The deal underscores Greater Boston’s increasing prominence as a center for video game development. Financial details of the deal were not released, but a source close to the negotiations said that Warner Bros. will pay as much as $160 million, including sums to be paid to Turbine shareholders in future years if the company meets certain financial targets.
Turbine, a privately-held, venture-backed company in Westwood, is one of the leading makers of Internet-based, multi-player adventure games. The company produces Lord of the Rings Online, Dungeons & Dragons Online, and Asheron’s Call. Thousands of players subscribe to Lord of the Rings and Asheron’s Call, paying monthly fees of around $15 for the right to play and socialize with one another online. More than one million players play Dungeons & Dragons Online.
Acquiring Turbine will give Warner Bros. total control over all future video games based on author J.R.R. Tolkien’s beloved Lord of the Rings novels. Turbine holds an exclusive license to make an Internet-based game based on the books, while last year, Warner Bros. won a license to make non-Internet-based Tolkien video games.

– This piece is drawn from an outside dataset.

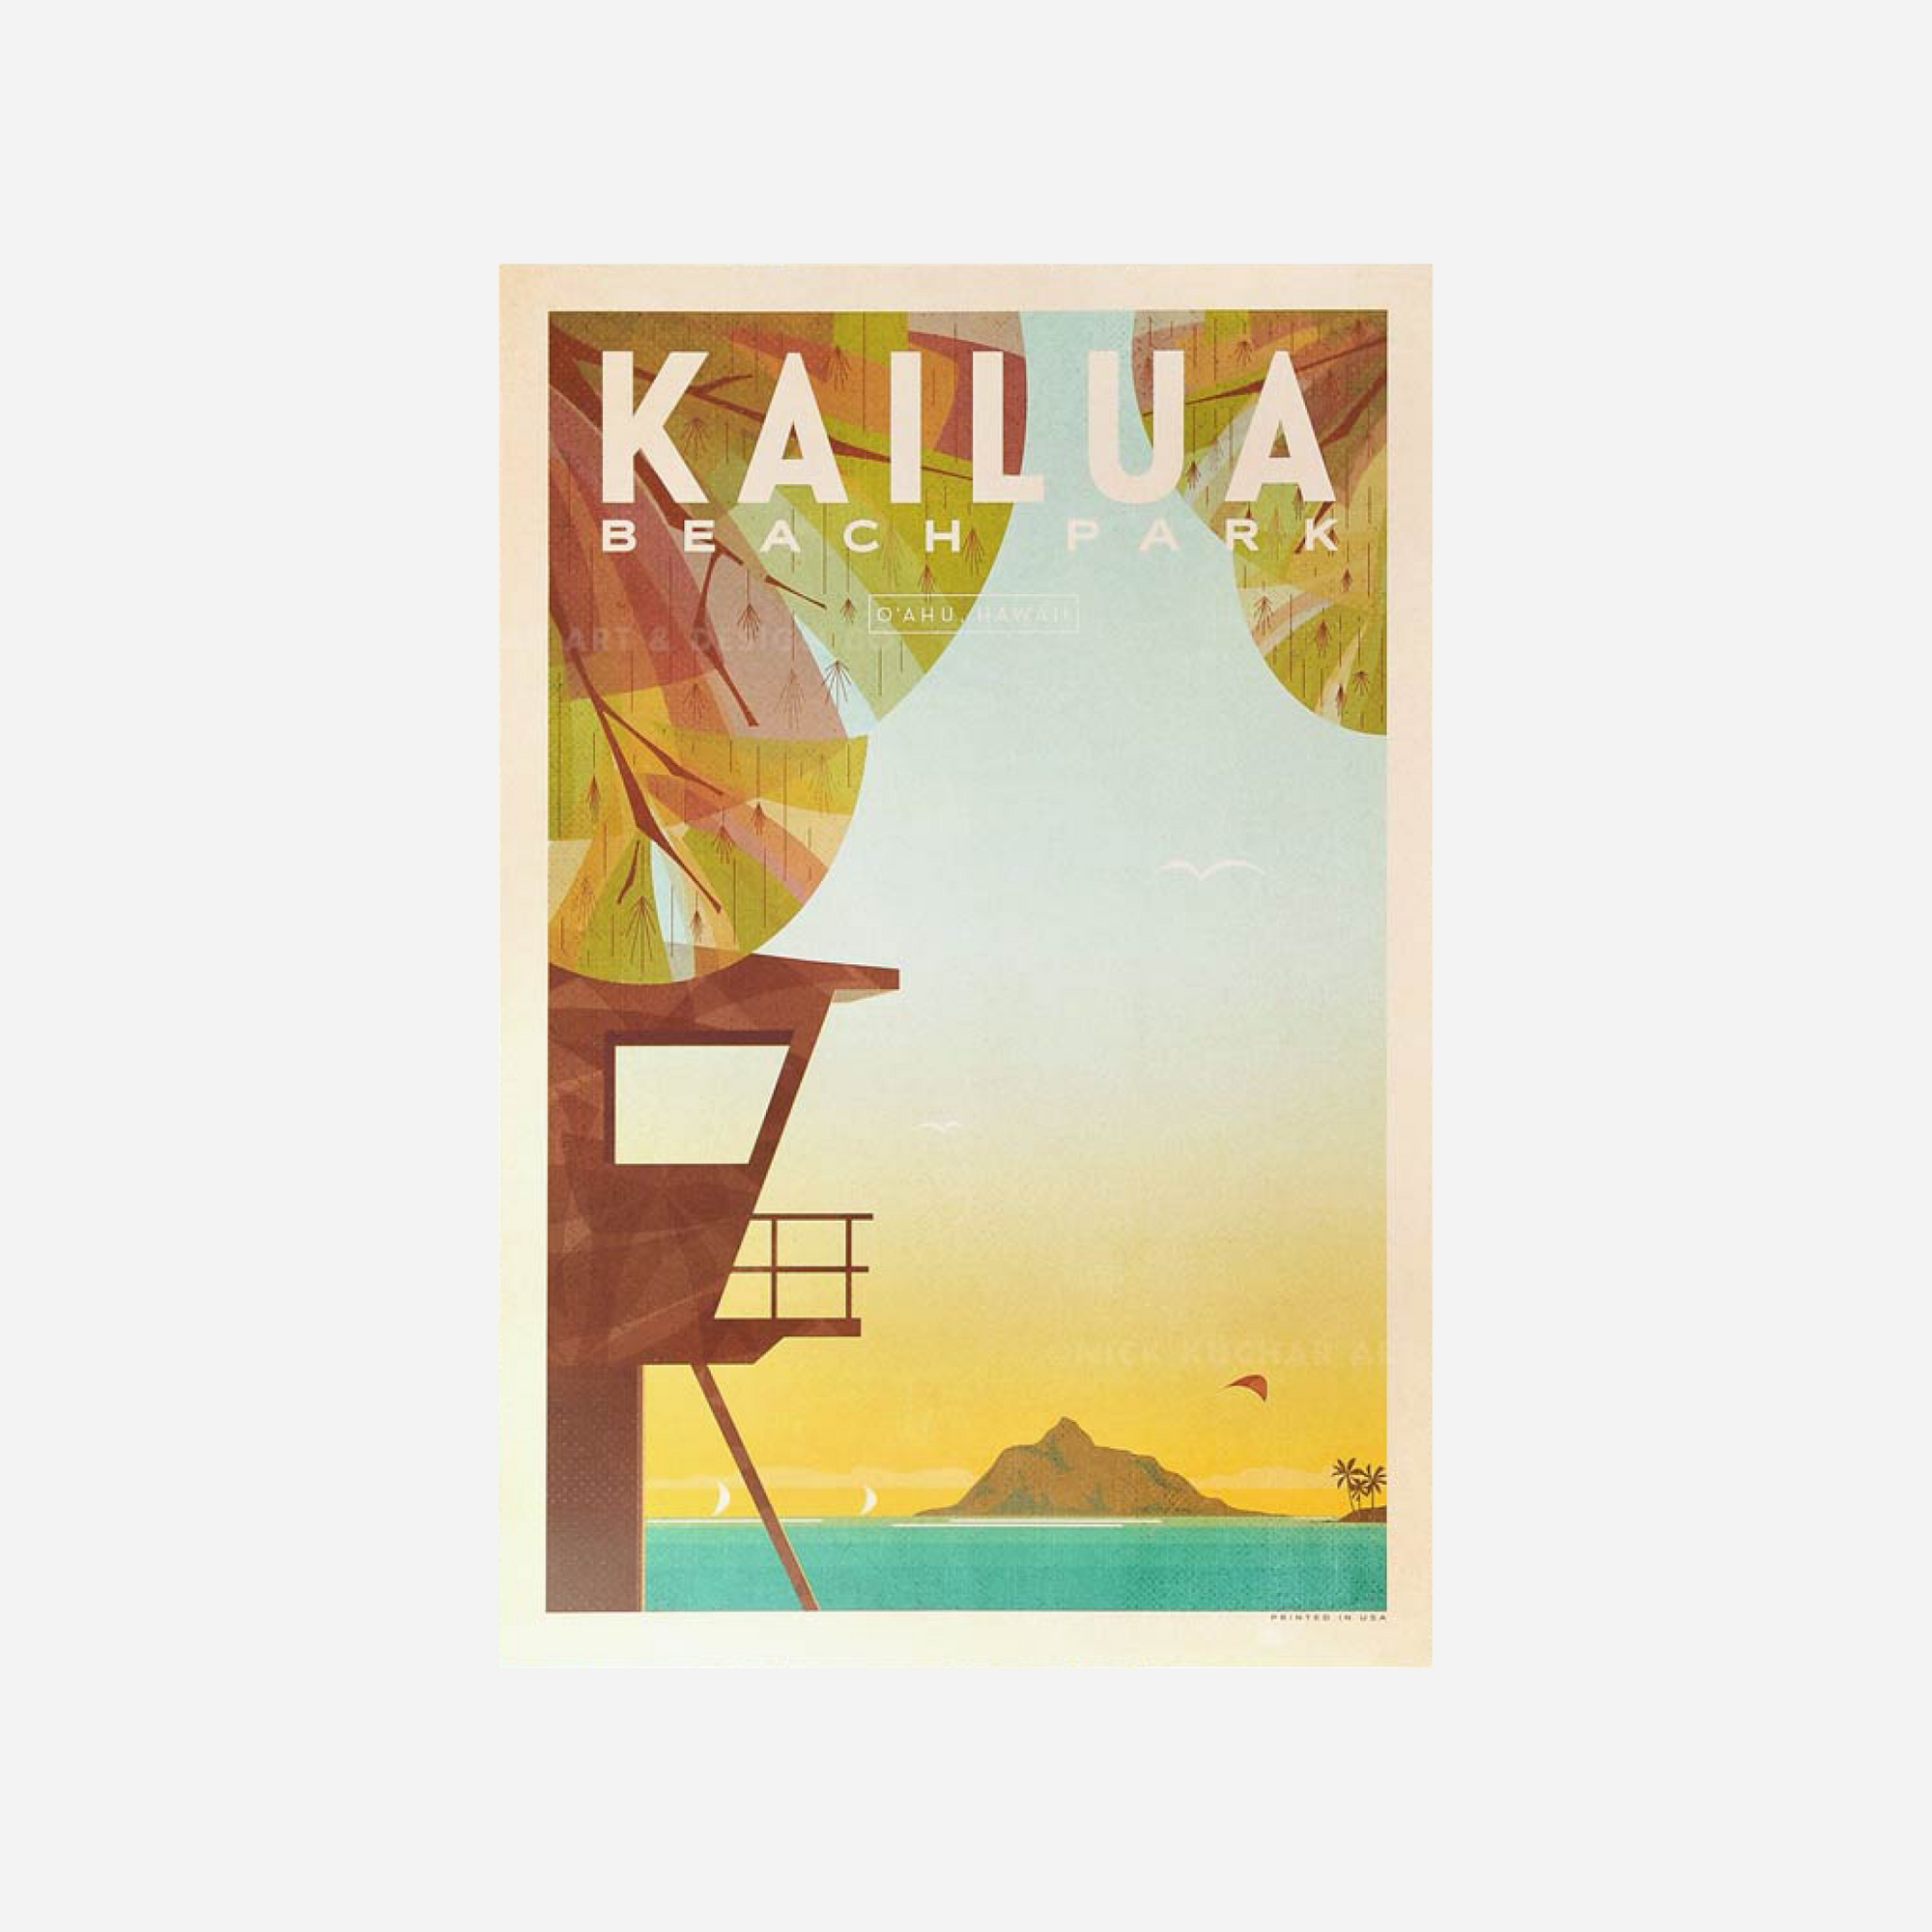 Nick Kuchar Travel Poster - Kailua Beach Park

Warner Bros. Interactive has bought a number of game development houses in recent years, in a bid to become a major power in video gaming. In 2007, the company purchased TT Games, a British firm that develops family-friendly products like Lego Star Wars and Lego Batman. In 2009, Warner Bros. bought the assets of bankrupt Chicago game company Midway, maker of the popular Mortal Kombat games. And earlier this year, it acquired a majority stake in Rocksteady Studios, another British developer, which created the hit game Batman: Arkham Asylum.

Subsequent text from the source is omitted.